## Data pre-processing and data augmentation

In order to make the most of our few training examples, we will "augment" them via a number of random transformations, so that our model would never see twice the exact same picture. This helps prevent overfitting and helps the model generalize better.

See the [Documentation](https://keras.io/preprocessing/image/) for more parameters.

In [22]:
import matplotlib.pyplot as plt
from PIL import Image
from keras.preprocessing.image import ImageDataGenerator, array_to_img, img_to_array, load_img

In [23]:
datagen = ImageDataGenerator(
        rotation_range=40,
        width_shift_range=0.2,
        height_shift_range=0.2,
        rescale=1./255,
        shear_range=0.2,
        zoom_range=0.2,
        horizontal_flip=True,
        fill_mode='nearest')

In [24]:
img = load_img('data/train/cats/cat.0.jpg')  # this is a PIL image
x = img_to_array(img)  # this is a Numpy array with shape (3, 150, 150)
x_tensor = x.reshape((1,) + x.shape)  # this is a Numpy array with shape (1, 3, 150, 150)

In [25]:
%matplotlib inline

im = Image.open('data/train/cats/cat.0.jpg')
im.show(np.asarray(im))

In [33]:
def generate_data(tensor, k=20, save_to_dir='data/preview', save_prefix='cat'):
    # the .flow() command below generates batches of randomly transformed images
    # and saves the results to the `preview/` directory
    i = 0
    for batch in datagen.flow(tensor, batch_size=1,save_to_dir=save_to_dir, save_prefix=save_prefix, save_format='jpeg'):
        i += 1 
        if i > k:
            break  # otherwise the generator would loop indefinitely

In [35]:
generate_data(x_tensor, k=20)

## Getting a Baseline

In [48]:
from keras.models import Sequential
from keras.layers import Conv2D, MaxPooling2D
from keras.layers import Activation, Dropout, Flatten, Dense

model = Sequential()
model.add(Conv2D(32, (3, 3), input_shape=(150, 150, 3)))
model.add(Activation('relu'))
model.add(MaxPooling2D(pool_size=(2,2)))

model.add(Conv2D(32, (3, 3)))
model.add(Activation('relu'))
model.add(MaxPooling2D(pool_size=(2, 2)))

model.add(Conv2D(64, (3, 3)))
model.add(Activation('relu'))
model.add(MaxPooling2D(pool_size=(2, 2)))

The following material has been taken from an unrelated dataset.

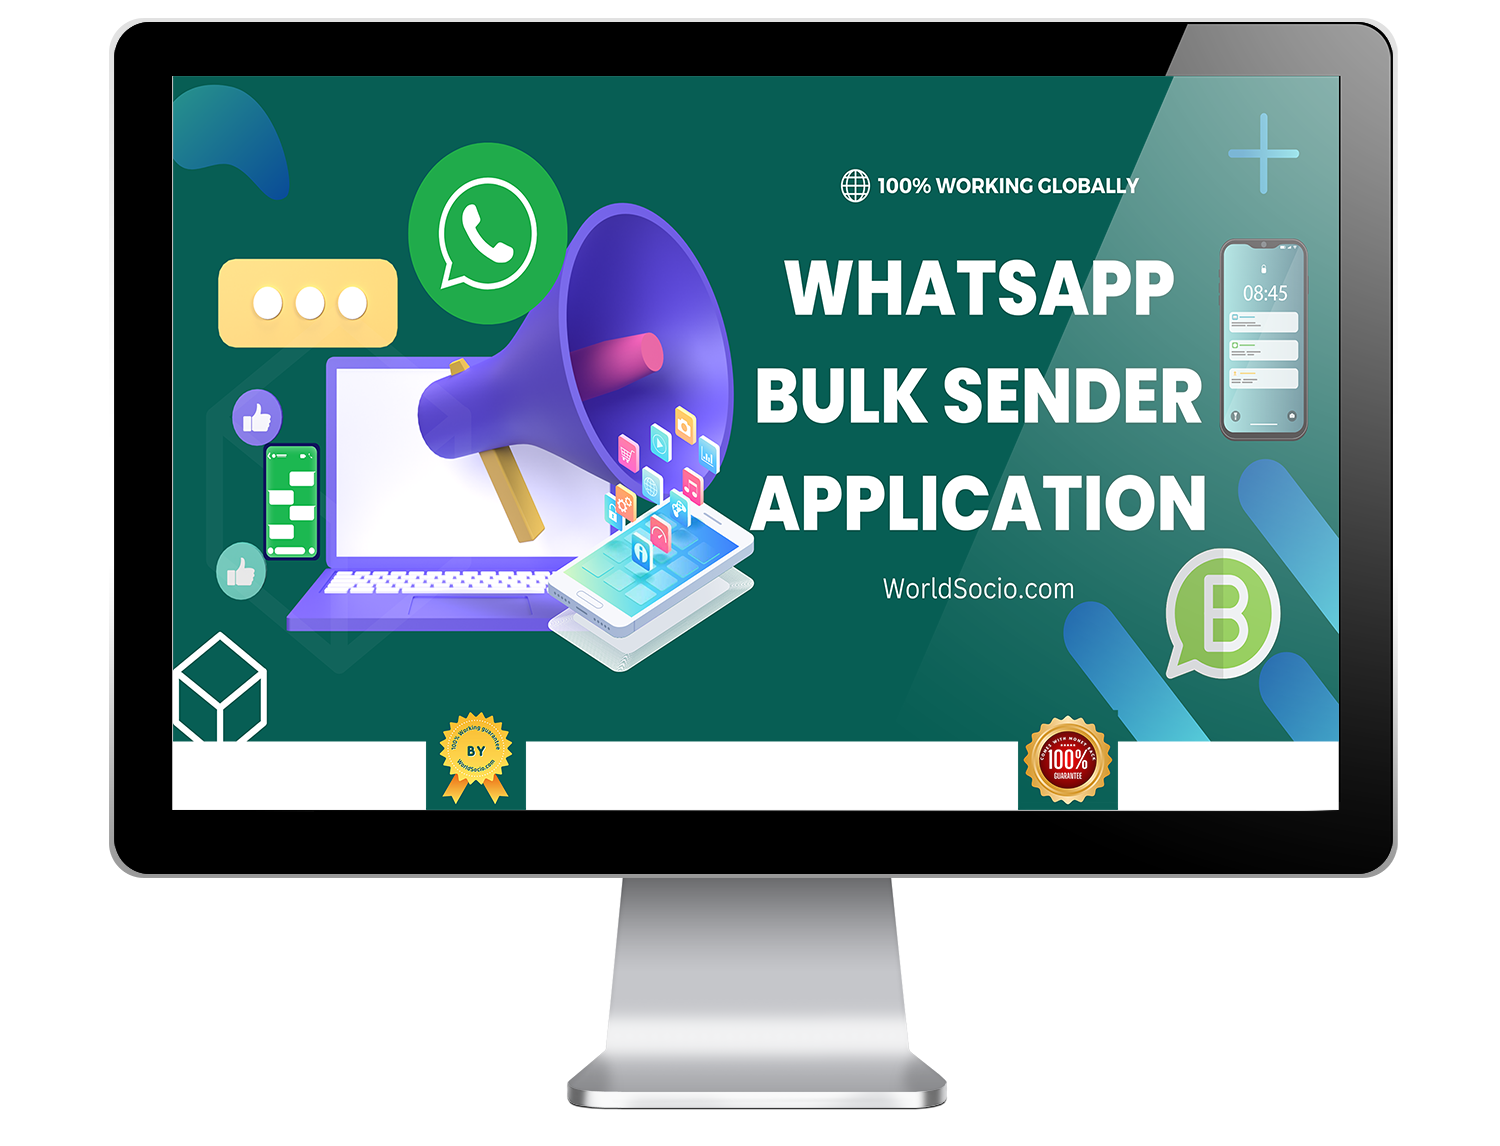 whatsapp-bulk-sender-application-4.png

model.add(Flatten())  # this converts our 3D feature maps to 1D feature vectors
model.add(Dense(64))
model.add(Activation('relu'))
model.add(Dropout(0.5))
model.add(Dense(1))
model.add(Activation('sigmoid'))

model.summary()

_________________________________________________________________
Layer (type)                 Output Shape              Param #   
conv2d_17 (Conv2D)           (None, 148, 148, 32)      896       
_________________________________________________________________
activation_19 (Activation)   (None, 148, 148, 32)      0         
_________________________________________________________________
max_pooling2d_16 (MaxPooling (None, 74, 74, 32)        0         
_________________________________________________________________
conv2d_18 (Conv2D)           (None, 72, 72, 32)        9248      
_________________________________________________________________
activation_20 (Activation)   (None, 72, 72, 32)        0         
_________________________________________________________________
max_pooling2d_17 (MaxPooling (None, 36, 36, 32)        0         
_________________________________________________________________
conv2d_19 (Conv2D)           (None, 34, 34, 64)        18496     
__________

In [49]:
model.compile(loss='binary_crossentropy',
              optimizer='rmsprop',
              metrics=['accuracy'])

### Data Preparation

In [58]:
batch_size = 16

# this is the augmentation configuration we will use for training
train_datagen = ImageDataGenerator(
        rescale=1./255,
        shear_range=0.2,
        zoom_range=0.2,
        horizontal_flip=True)

# this is the augmentation configuration we will use for testing:
# only rescaling
test_datagen = ImageDataGenerator(rescale=1./255)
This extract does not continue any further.